**Task requirements**
Begin your copy at the line that holds "圣诞树在泰国 圣诞树 圣诞节 海报 广告" and carry it through the final line of the data, writing out each line exactly and omitting pictures.

=== Data in this exercise ===

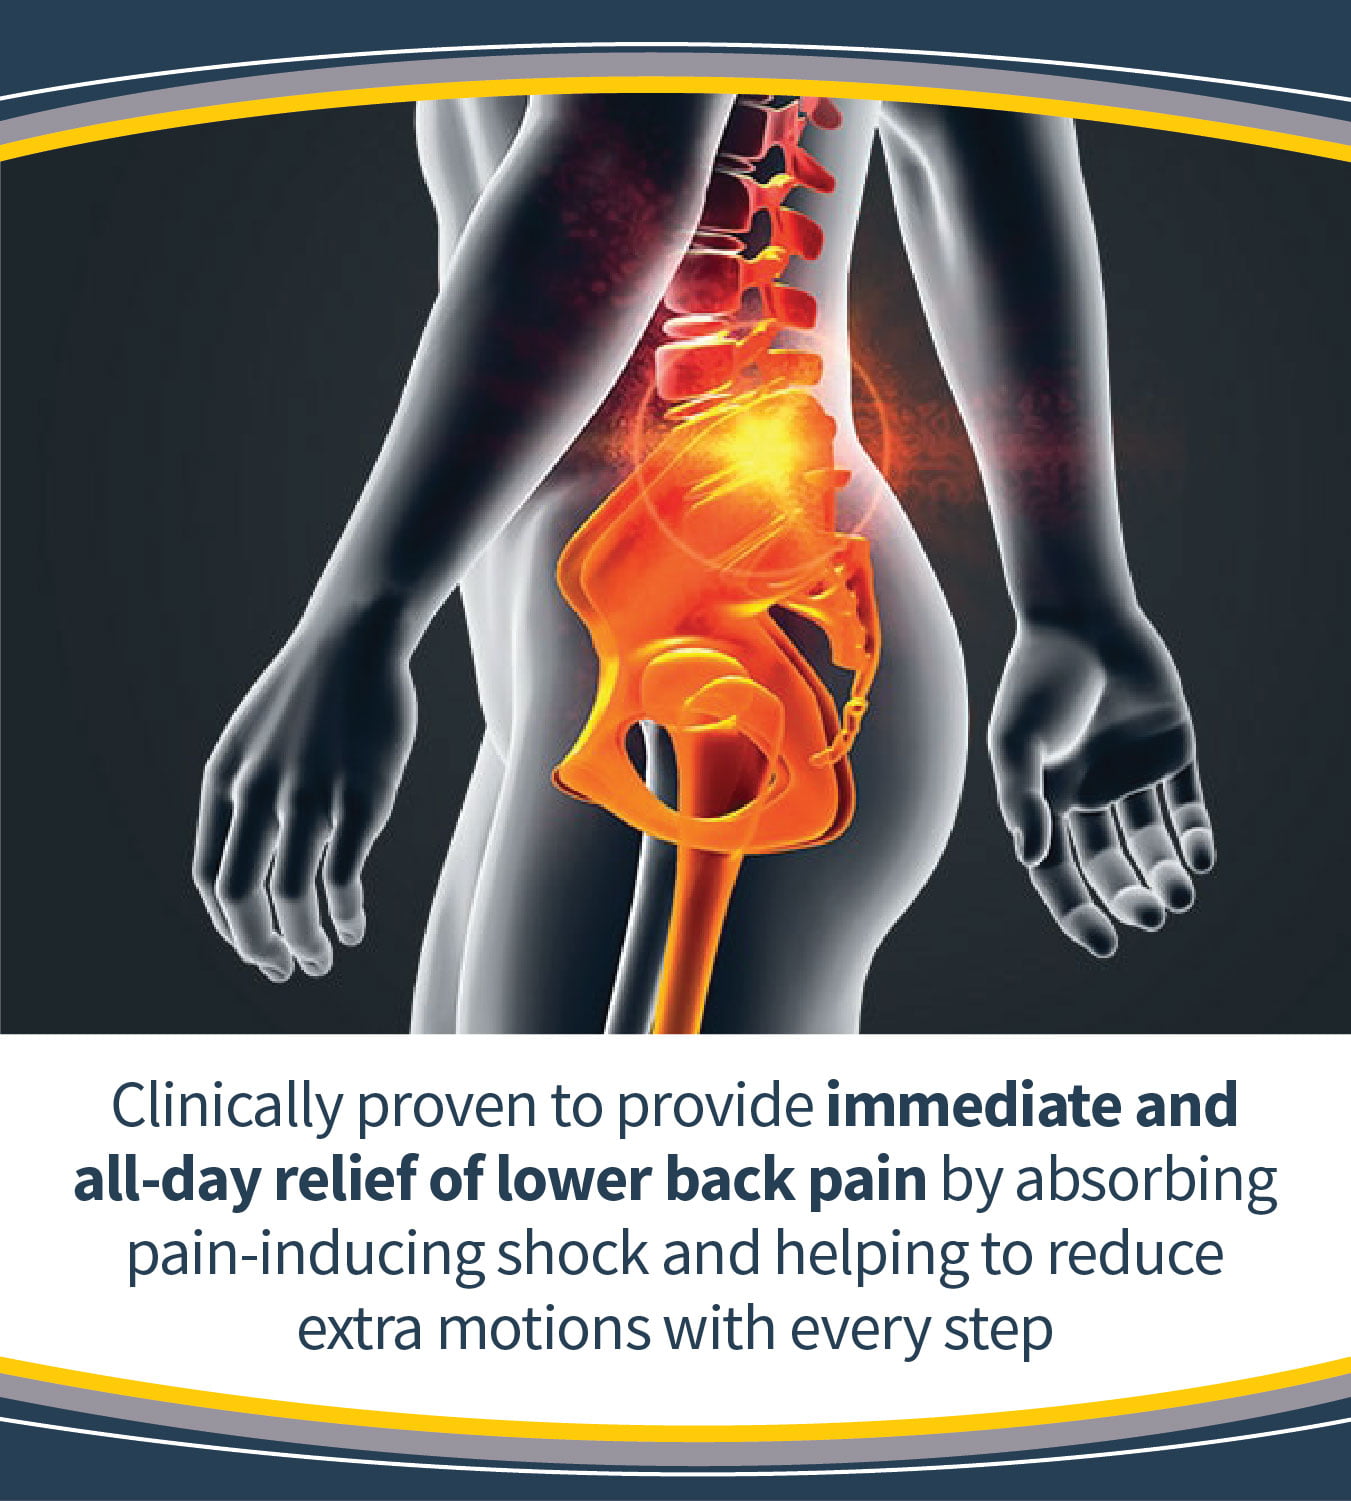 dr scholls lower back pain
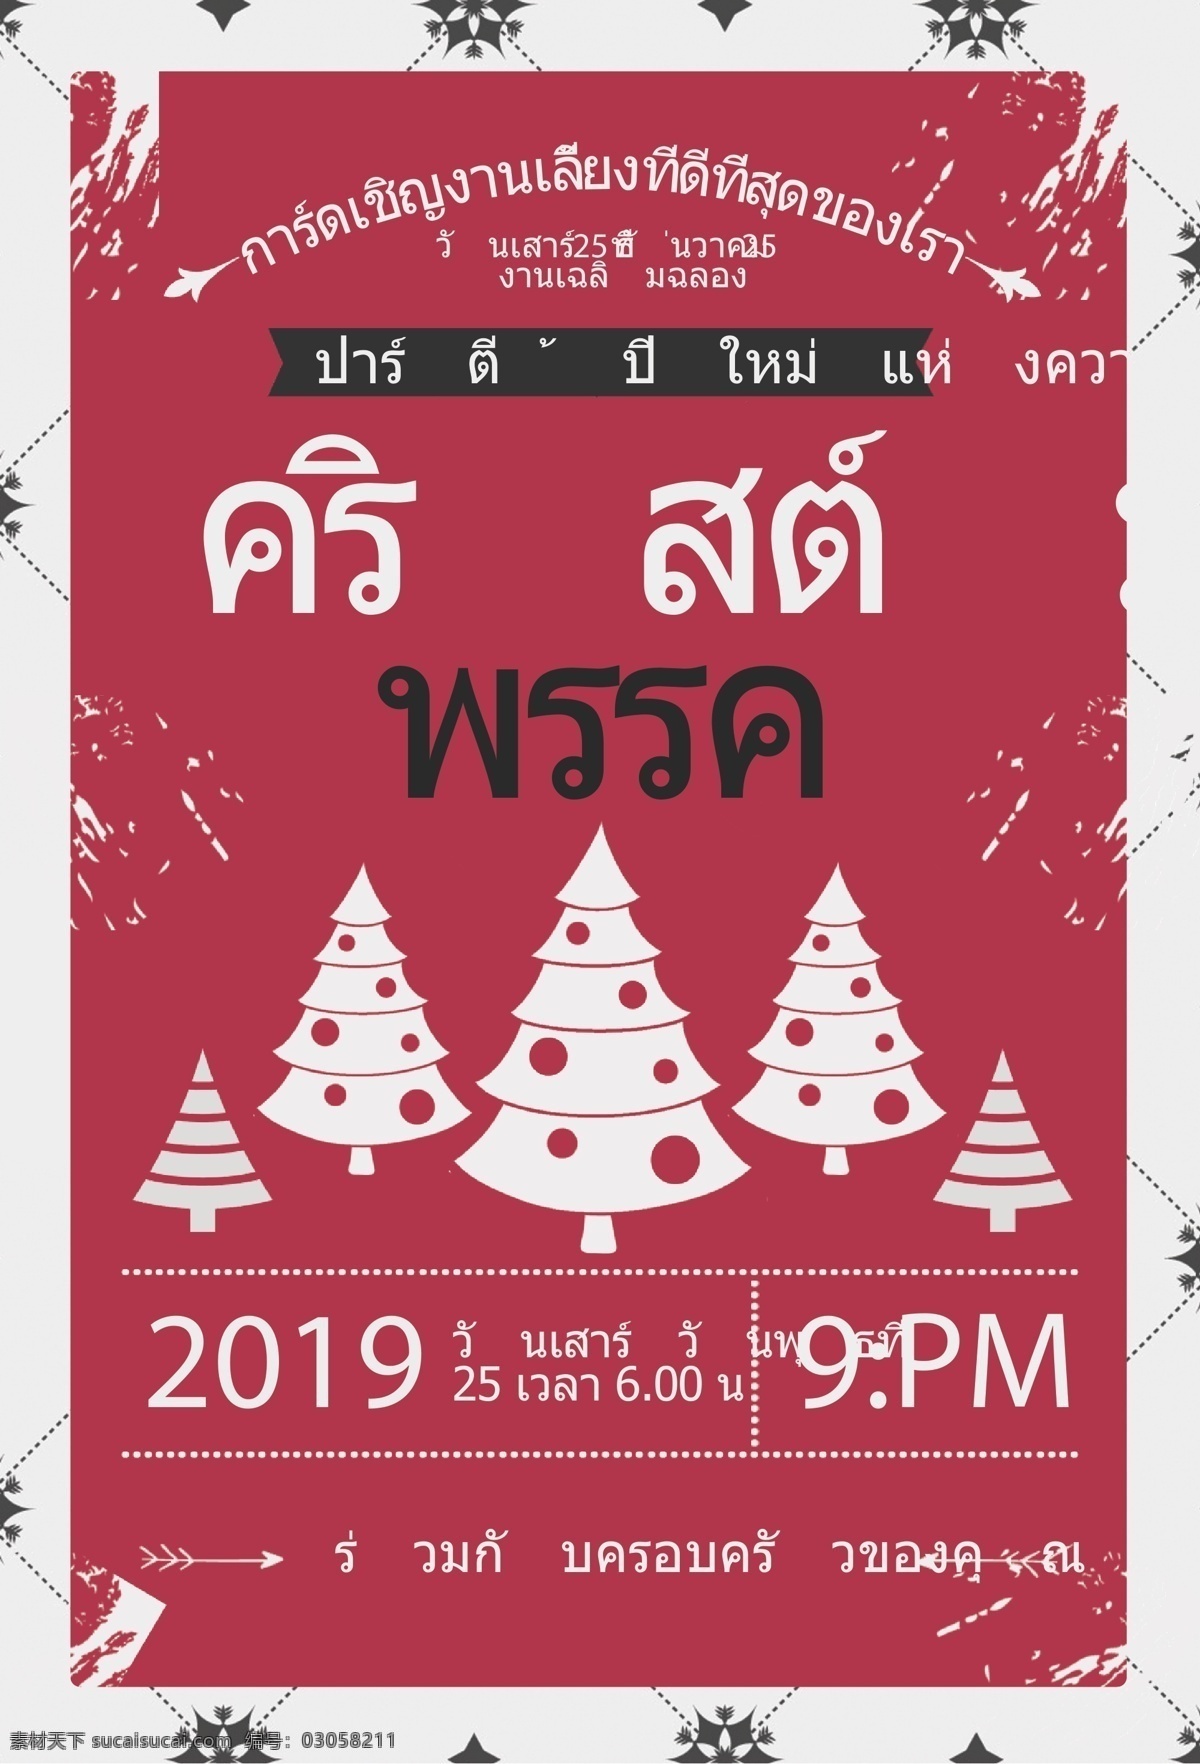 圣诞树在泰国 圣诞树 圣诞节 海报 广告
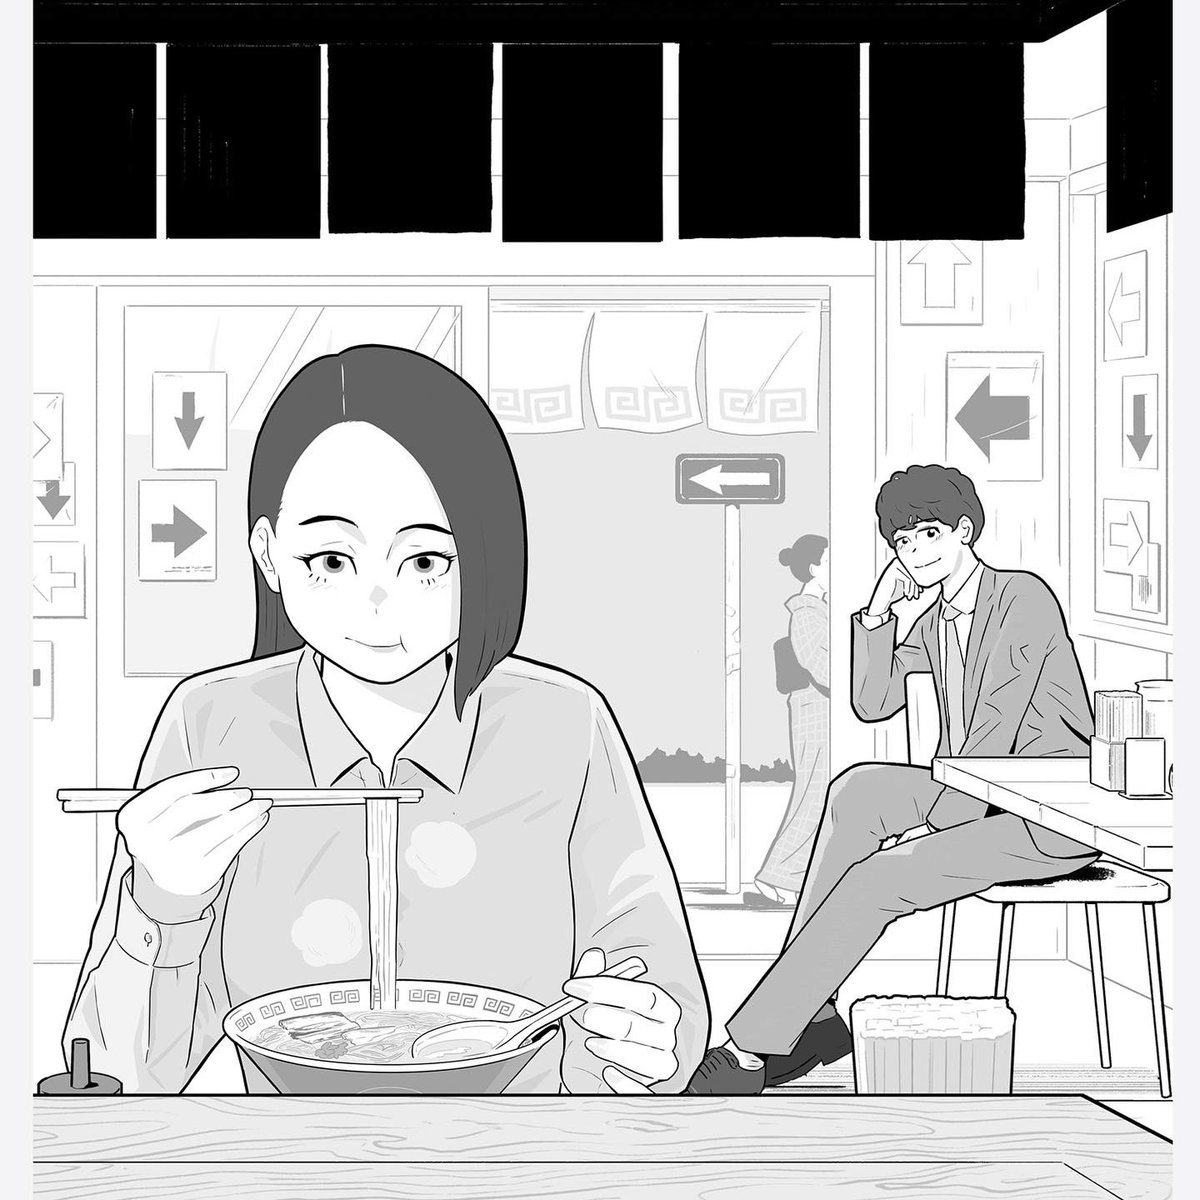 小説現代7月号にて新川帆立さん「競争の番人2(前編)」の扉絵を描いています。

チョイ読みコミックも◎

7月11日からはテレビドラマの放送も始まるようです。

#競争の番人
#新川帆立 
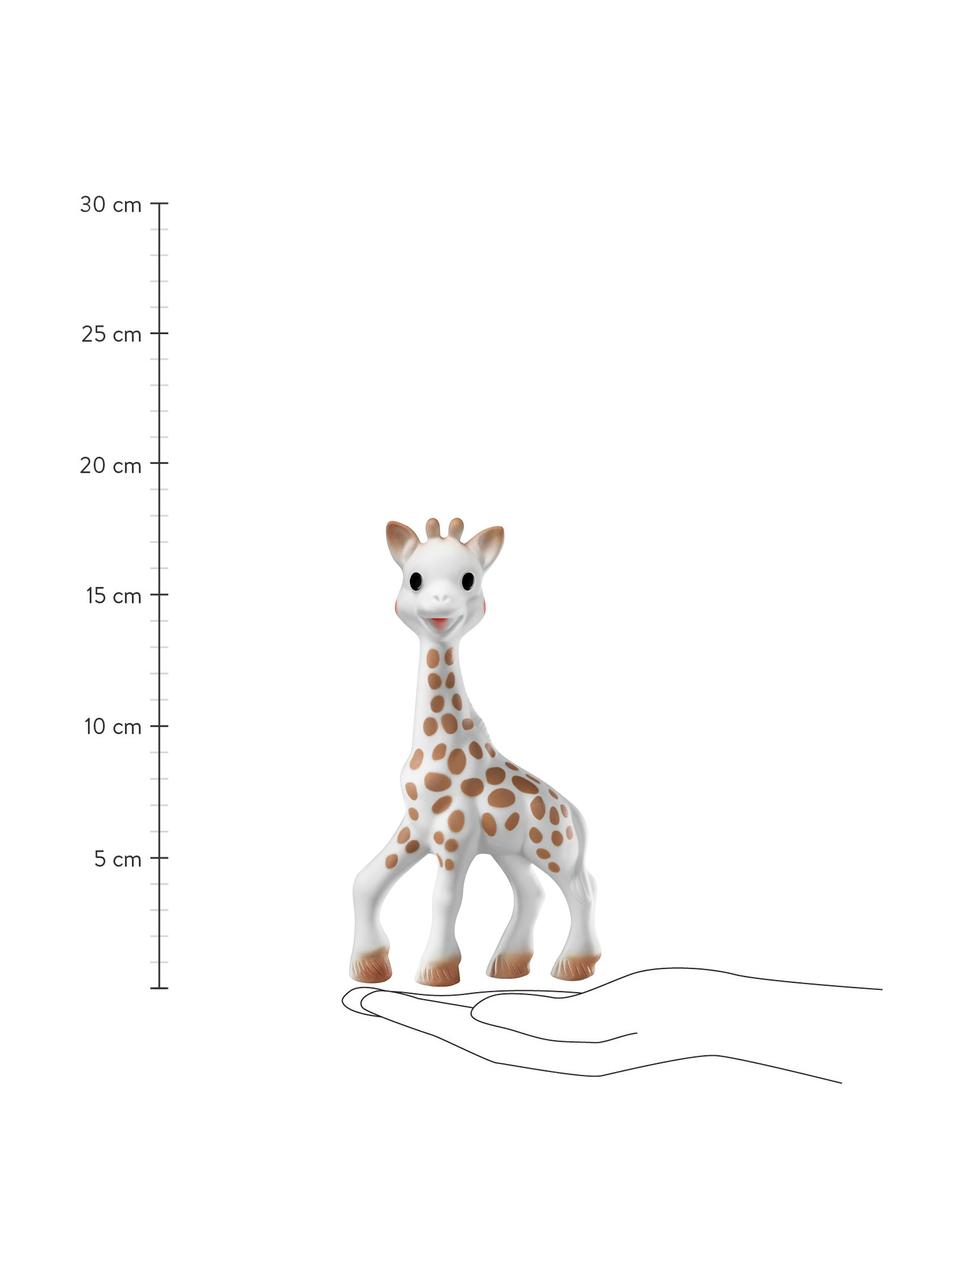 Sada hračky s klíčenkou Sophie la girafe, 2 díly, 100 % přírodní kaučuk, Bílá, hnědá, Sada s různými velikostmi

===

**Task output**
 圣诞树在泰国 圣诞树 圣诞节 海报 广告
 小説現代7月号にて新川帆立さん「競争の番人2(前編)」の扉絵を描いています。

チョイ読みコミックも◎

7月11日からはテレビドラマの放送も始まるようです。

#競争の番人
#新川帆立 
 Sada hračky s klíčenkou Sophie la girafe, 2 díly, 100 % přírodní kaučuk, Bílá, hnědá, Sada s různými velikostmi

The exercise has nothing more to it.